Exercise description:
Restate exactly, and only, the lines from the one with "Женские солнцезащитные очки-авиаторы" through the end of the data, with both of those end lines kept. Drop any pictures.

Supplied information:
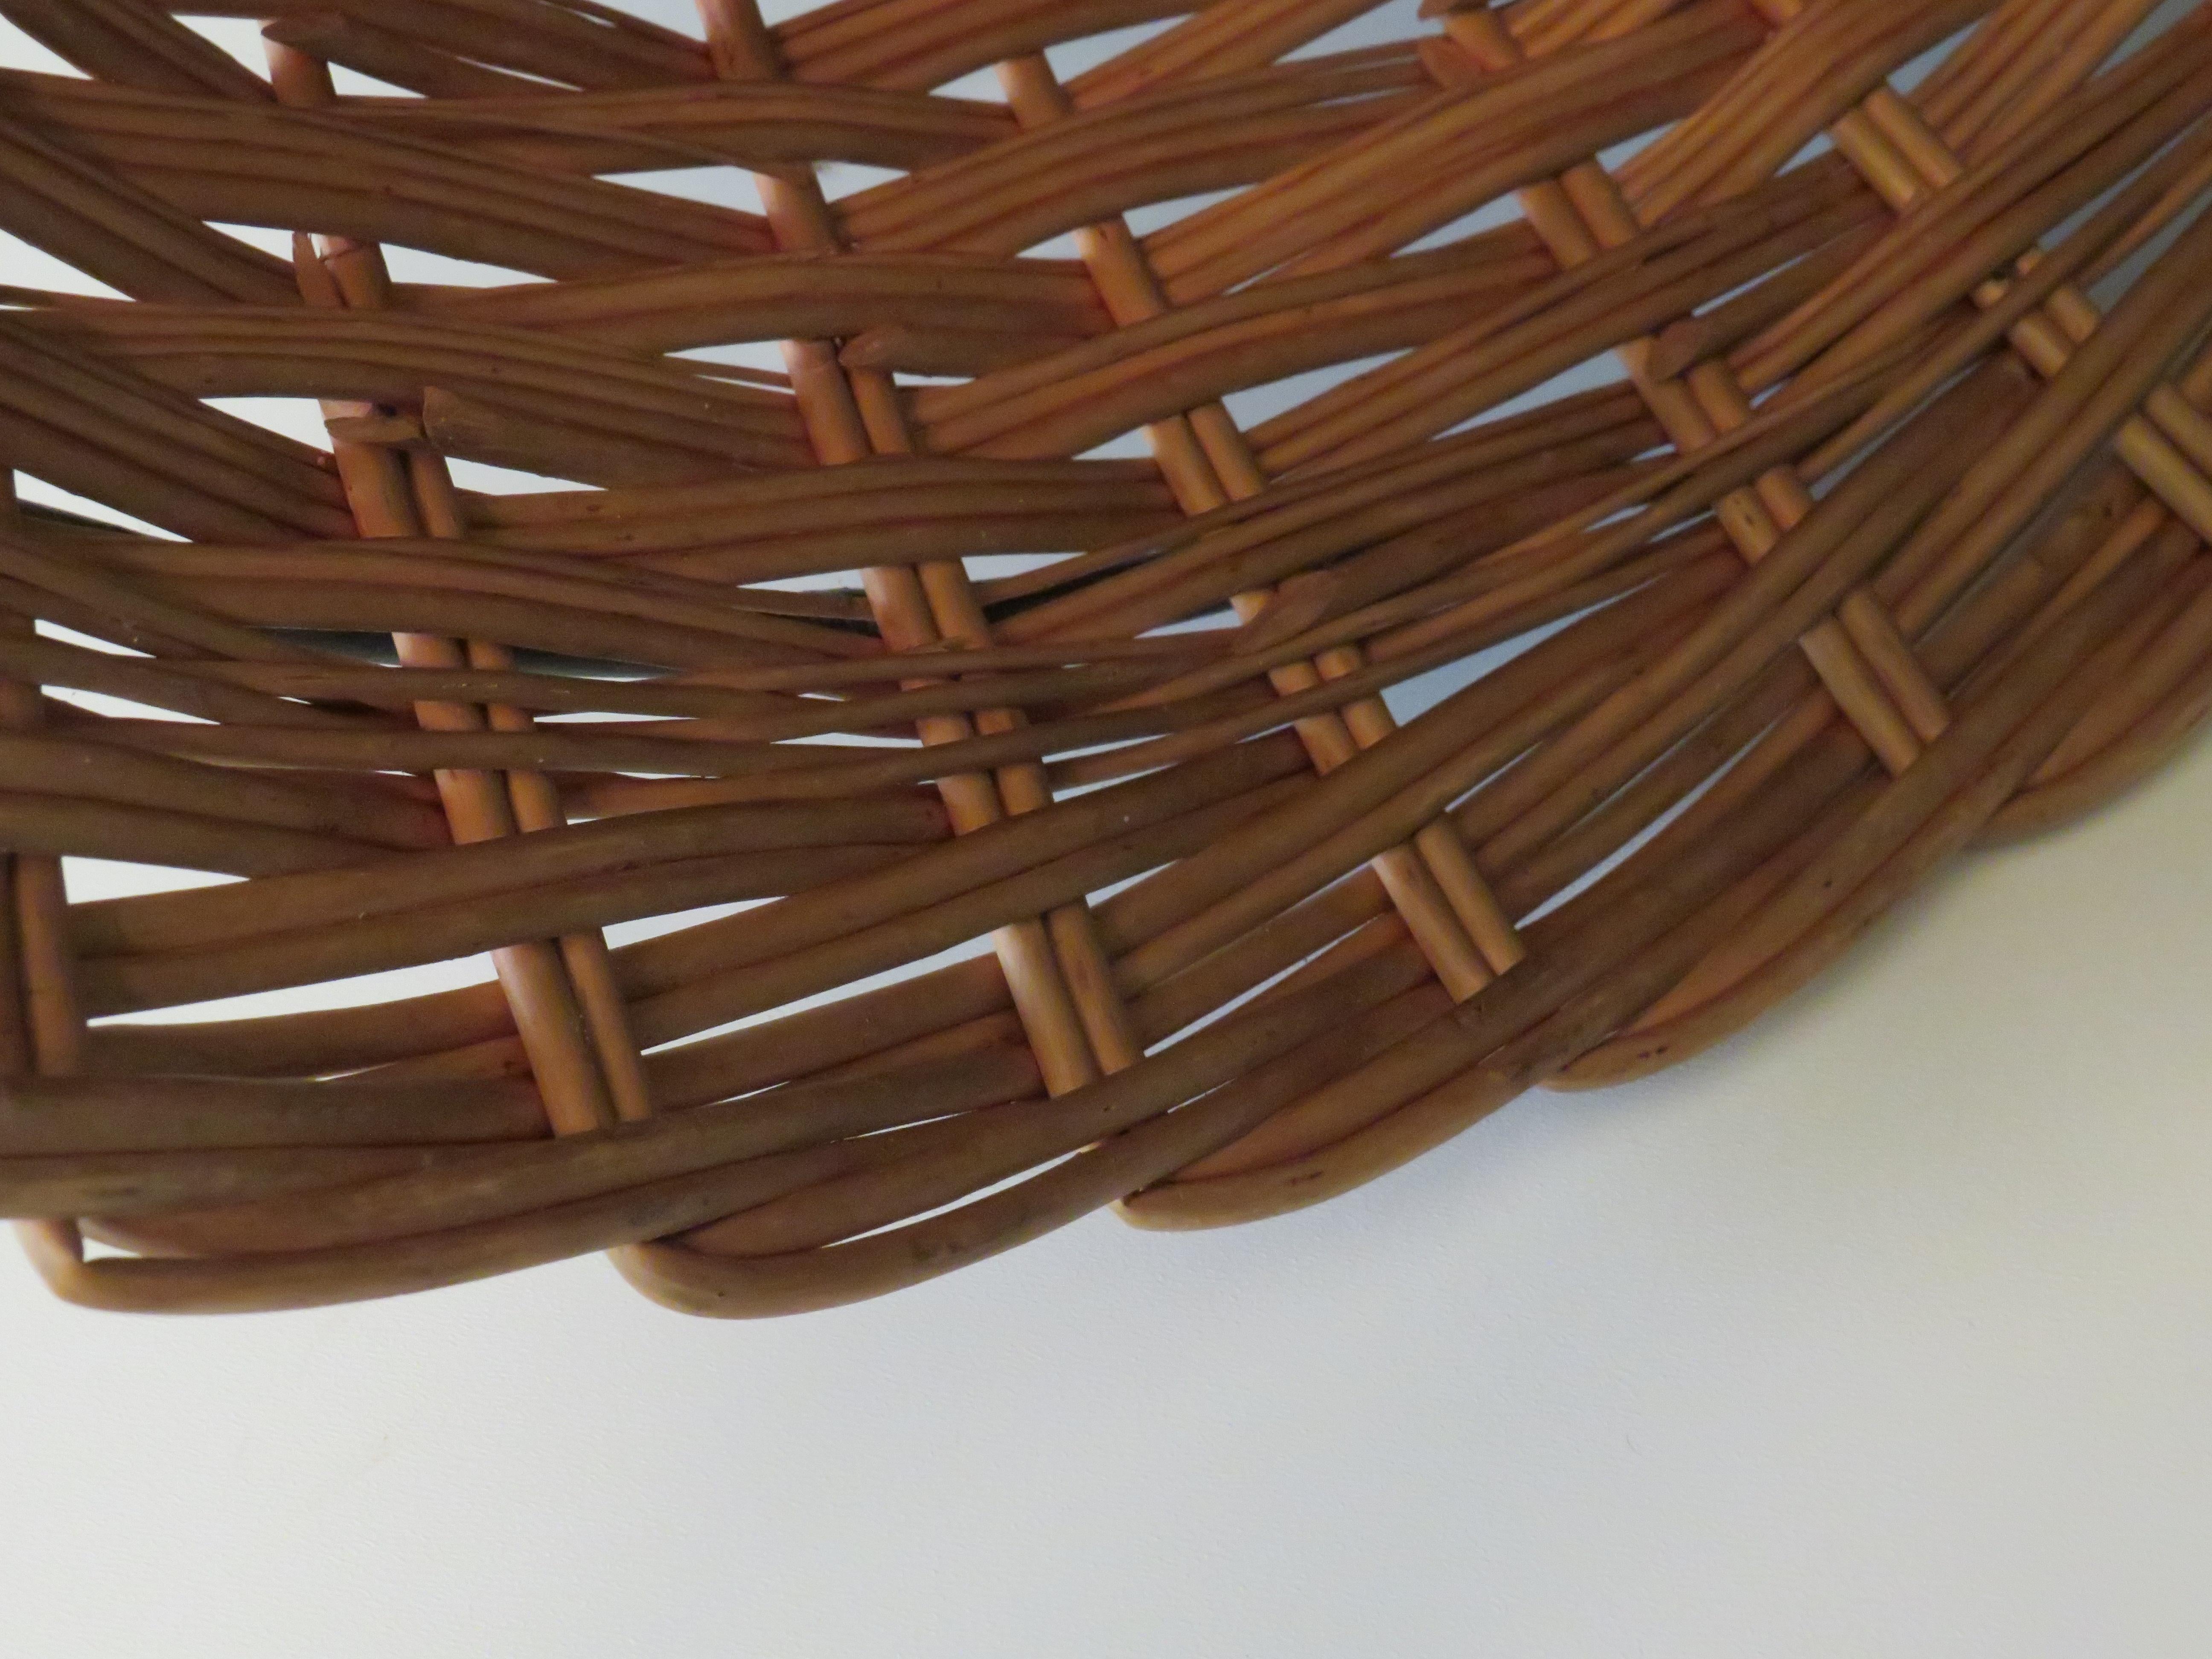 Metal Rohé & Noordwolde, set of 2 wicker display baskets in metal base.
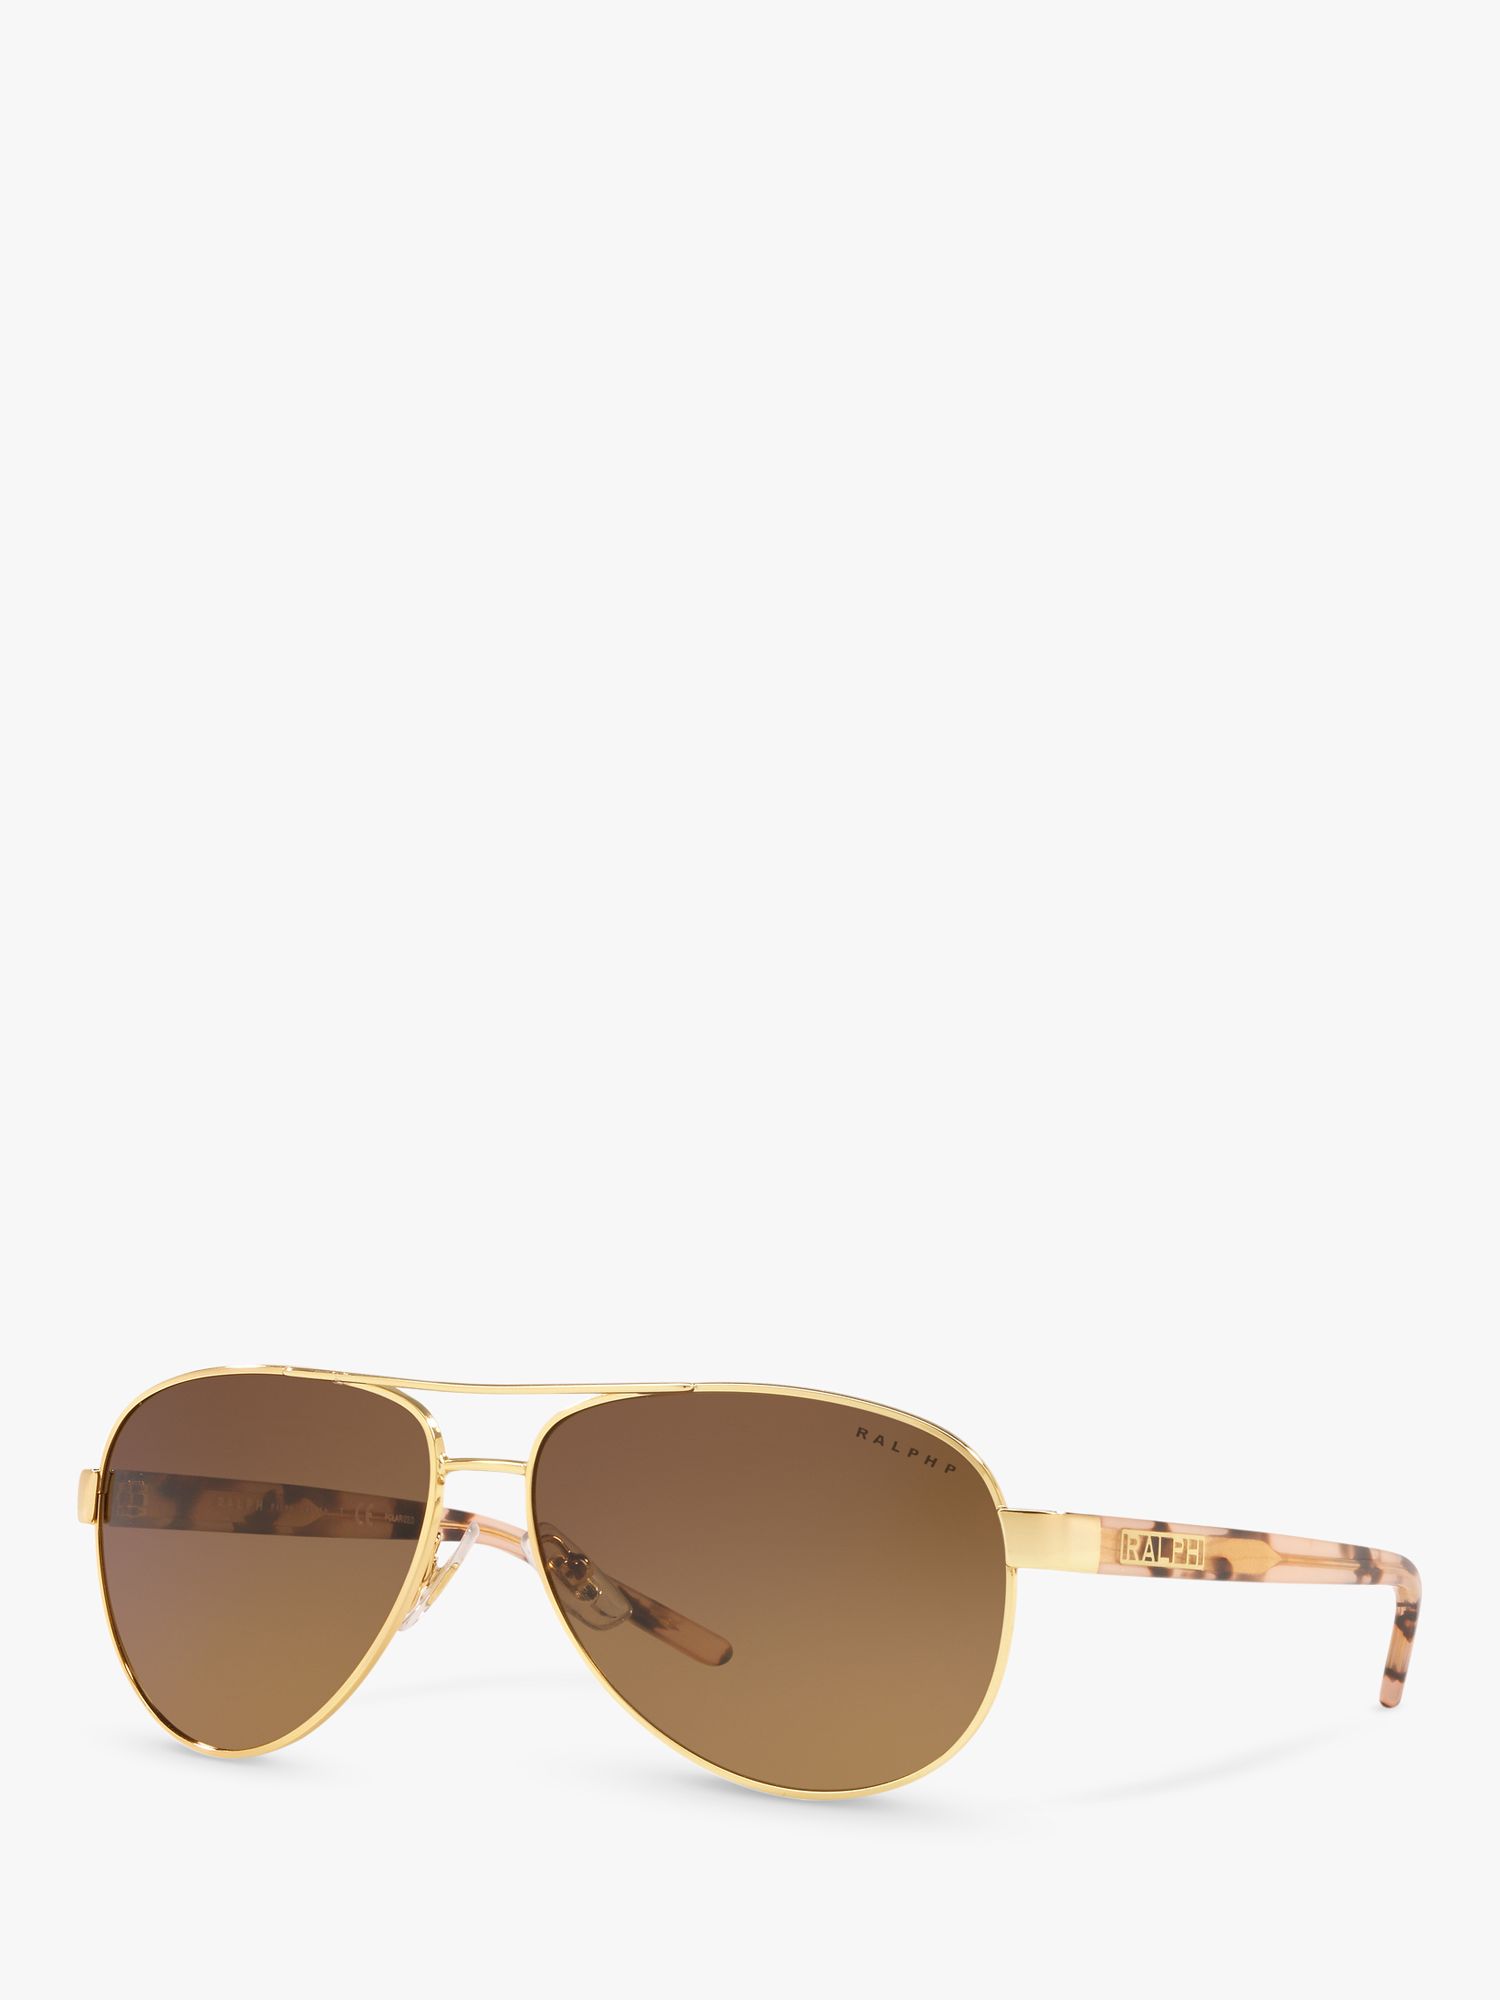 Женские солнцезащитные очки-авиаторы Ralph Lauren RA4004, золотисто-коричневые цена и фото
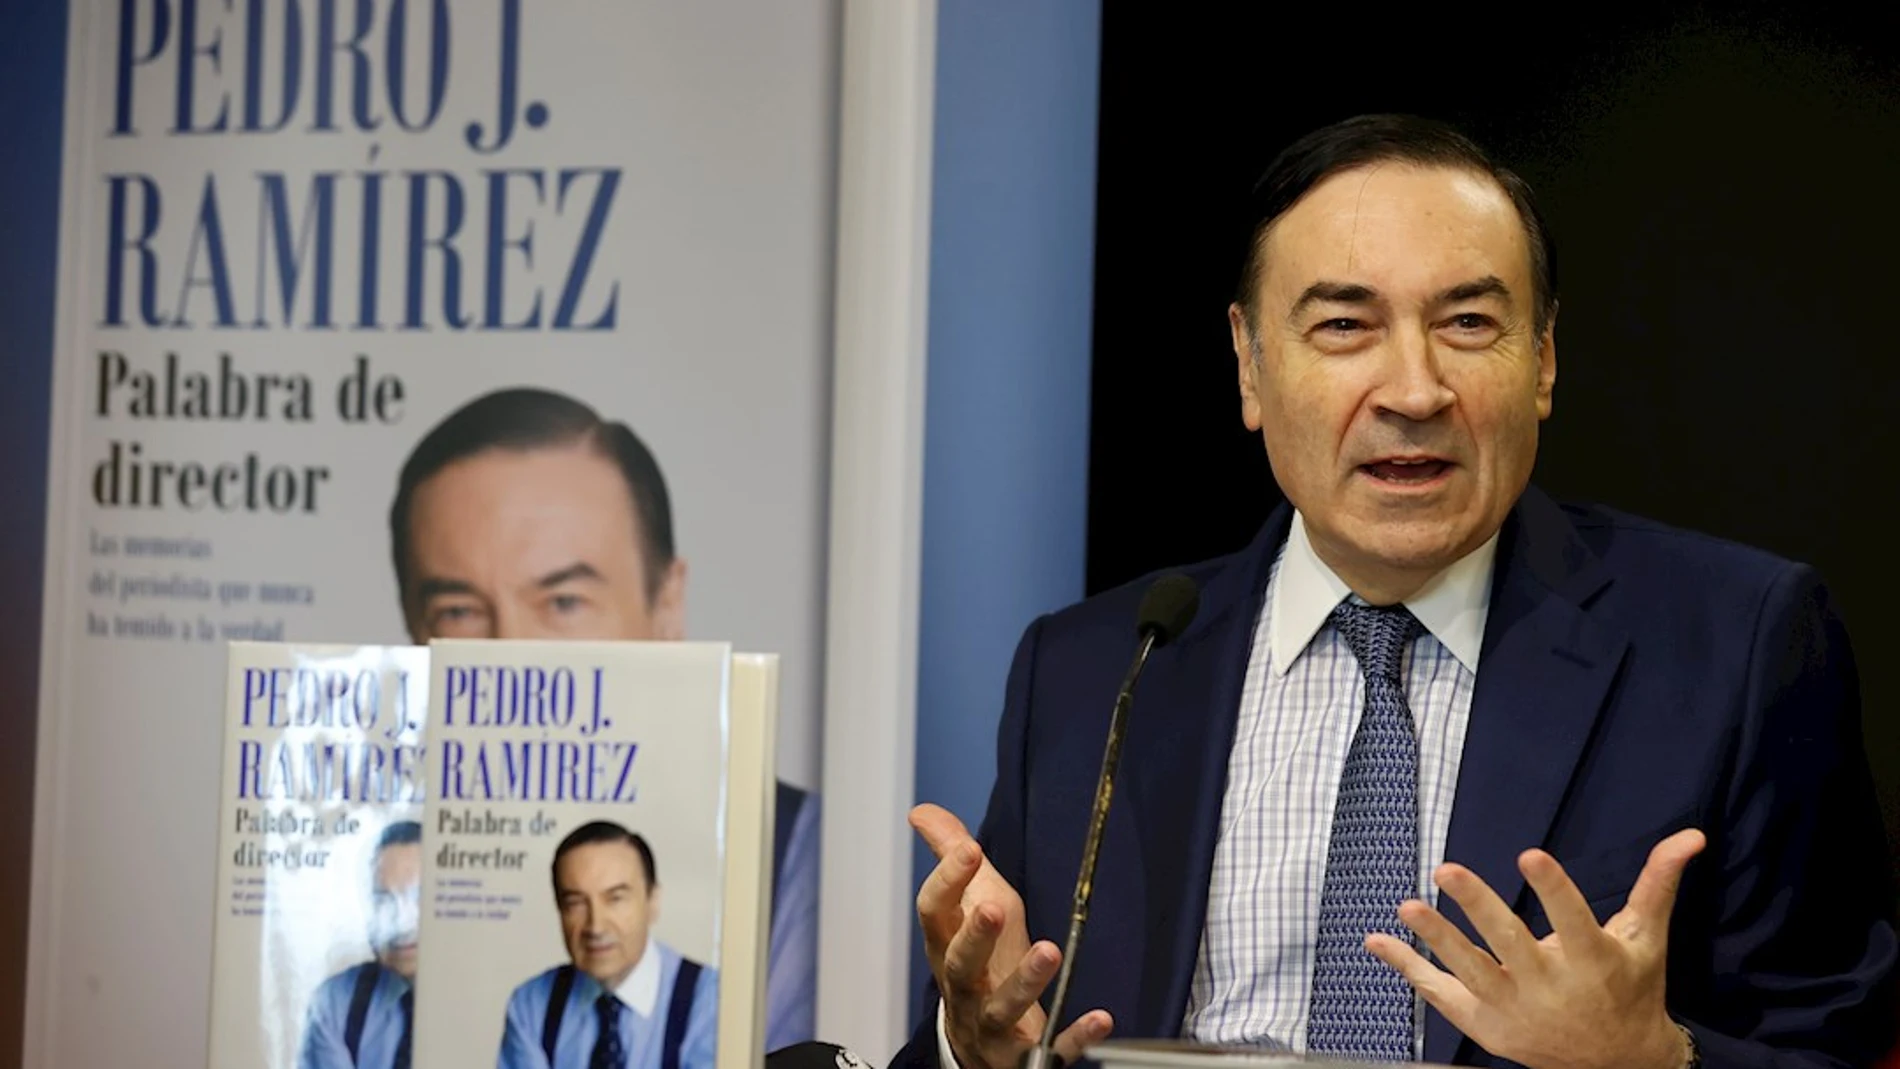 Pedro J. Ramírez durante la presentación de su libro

Result:
 Женские солнцезащитные очки-авиаторы Ralph Lauren RA4004, золотисто-коричневые цена и фото
 Pedro J. Ramírez durante la presentación de su libro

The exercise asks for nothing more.